With regard to privacy, by selecting a product rather than a service model, AnyBank can control the information shared outside of the organization. In taking a service, banks may need to share details of product and service development plans with 3rd parties so that integration work can run in parallel. In an extremely fast paced market, banks and service providers don’t want to share their roadmap outside of the organization to ensure they keep their competitive edge.

Flexibility

From a service development and expansion perspective, insourcing a solution gives AnyBank more flexibility. Initially, as a large bank with a number of international subsidiaries, having an in-house platform enables the bank to offer tokenization as a service to its affiliated banks. This enables the wallet service to be rolled out across the bank’s entire portfolio of customers, rather than needing to do it one subsidiary at a time with separate infrastructures.

Service expansion

The bank is also in a position to work in collaboration with Bell ID’s technical support team to develop new revenue streams. On the acquiring side of the banks’ business, an interest has been expressed in offering tokenization services to its merchant community to protect customer’s PANs when they are stored for online shopping. This can be considered at a later date.

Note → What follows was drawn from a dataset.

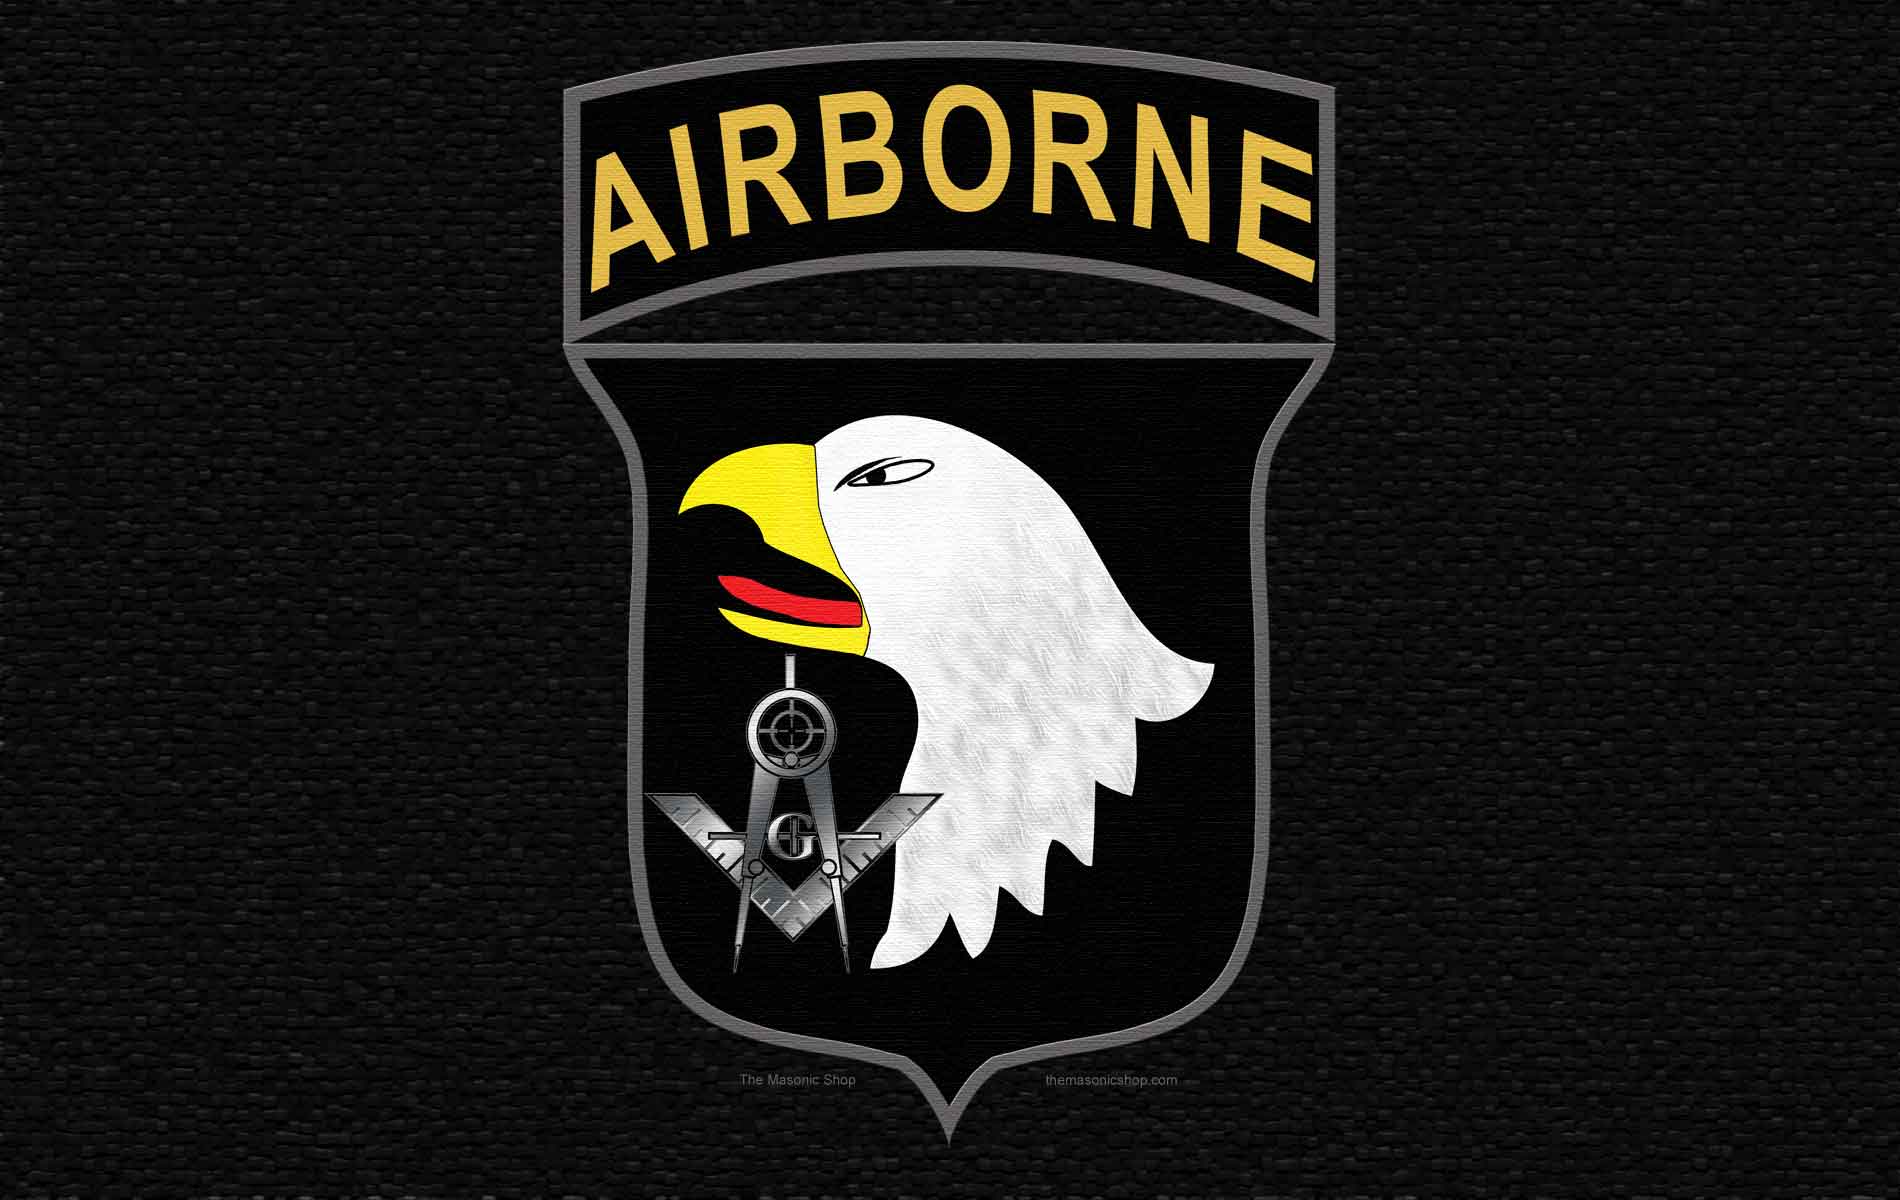 101st Airborne Wallpaper Galleryhip The
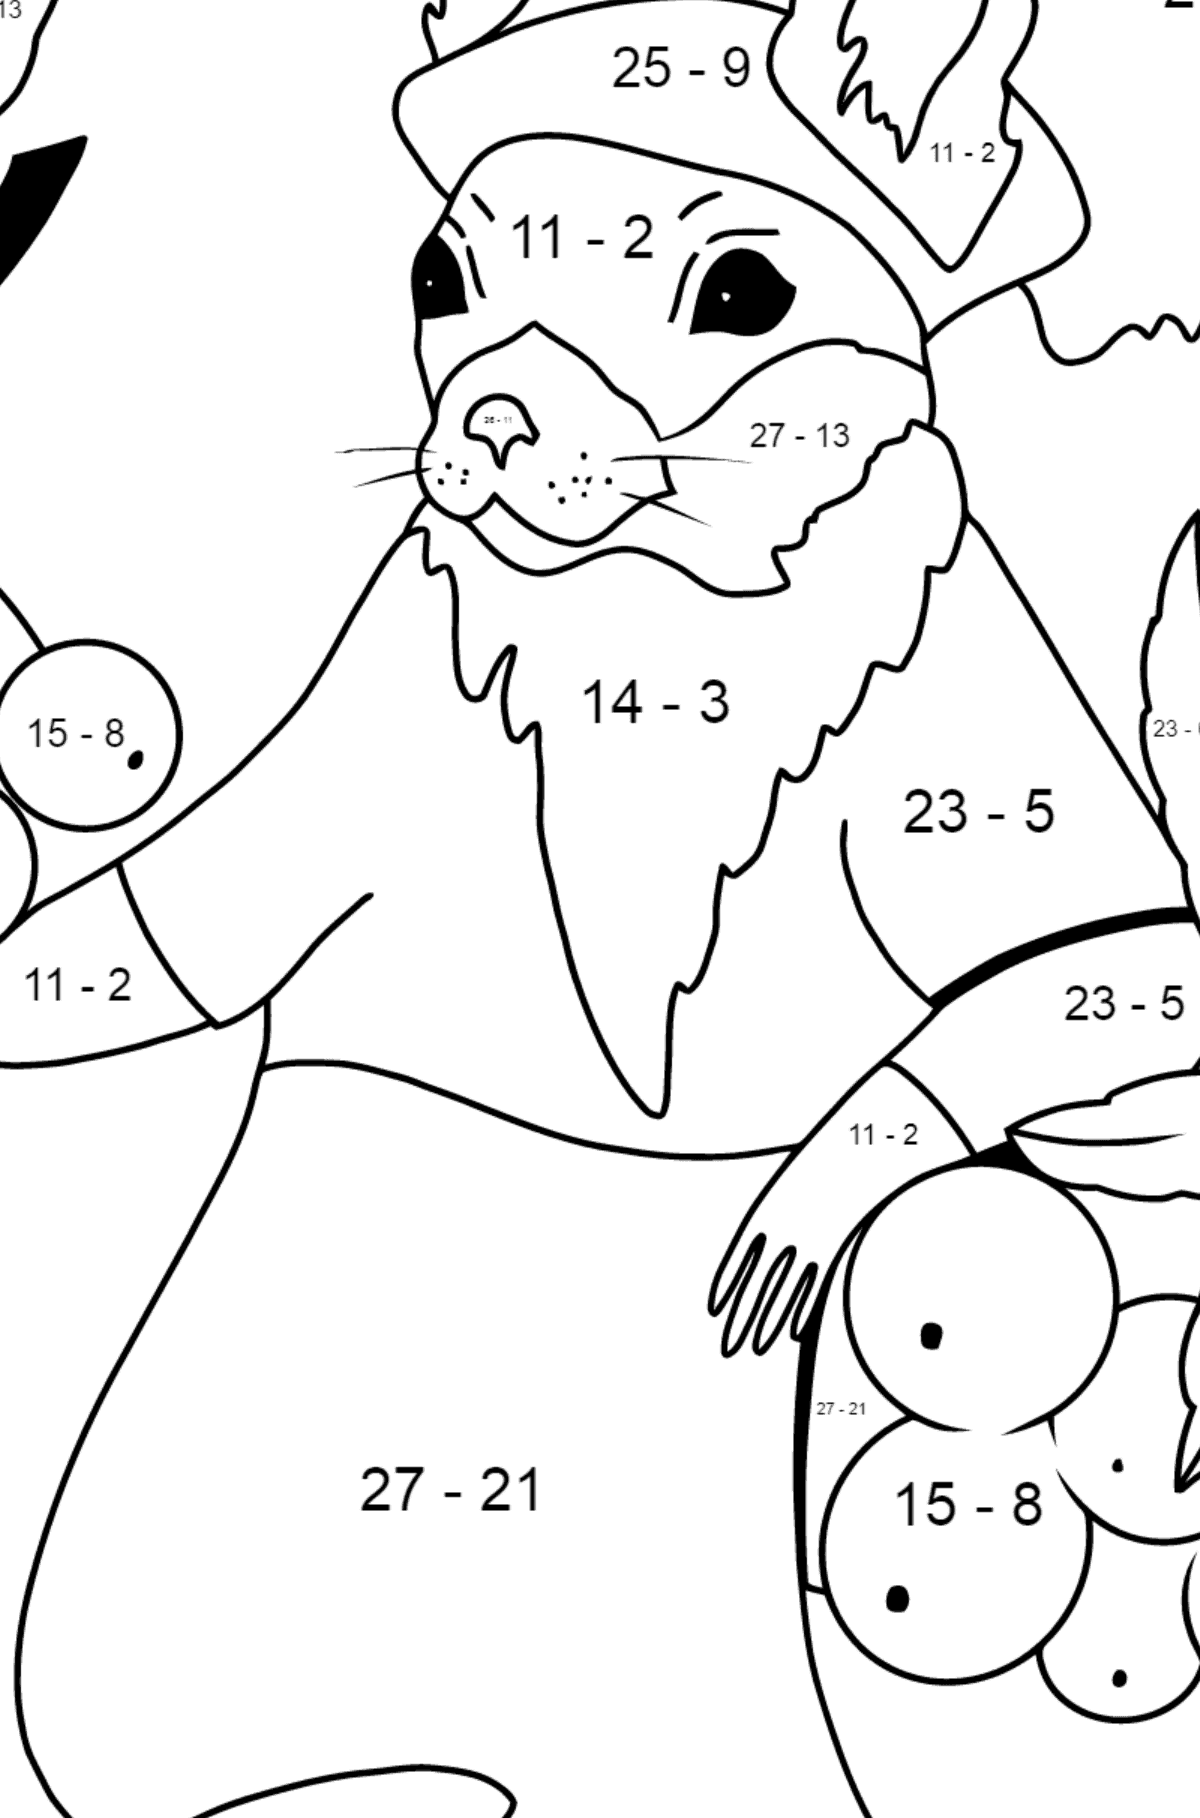 Herbstliche Ausmalseite - Ein Eichhörnchen mit Vogelbeeren - Mathe Ausmalbilder - Subtraktion für Kinder

AnyBank had been working on mobile payments for a number of years. With the advent of HCE and tokenization, a large-scale launch was possible. Bringing the technology in-house needed more up-front commitment, but gives the bank more control and flexibility long-term. Additionally, AnyBank will save money and time long-term by not using the services of, and integrating with, multiple schemes. Easy integration with ApplePay and Samsung Pay fulfils another of the board’s requirements and offers scope for future development of the platform.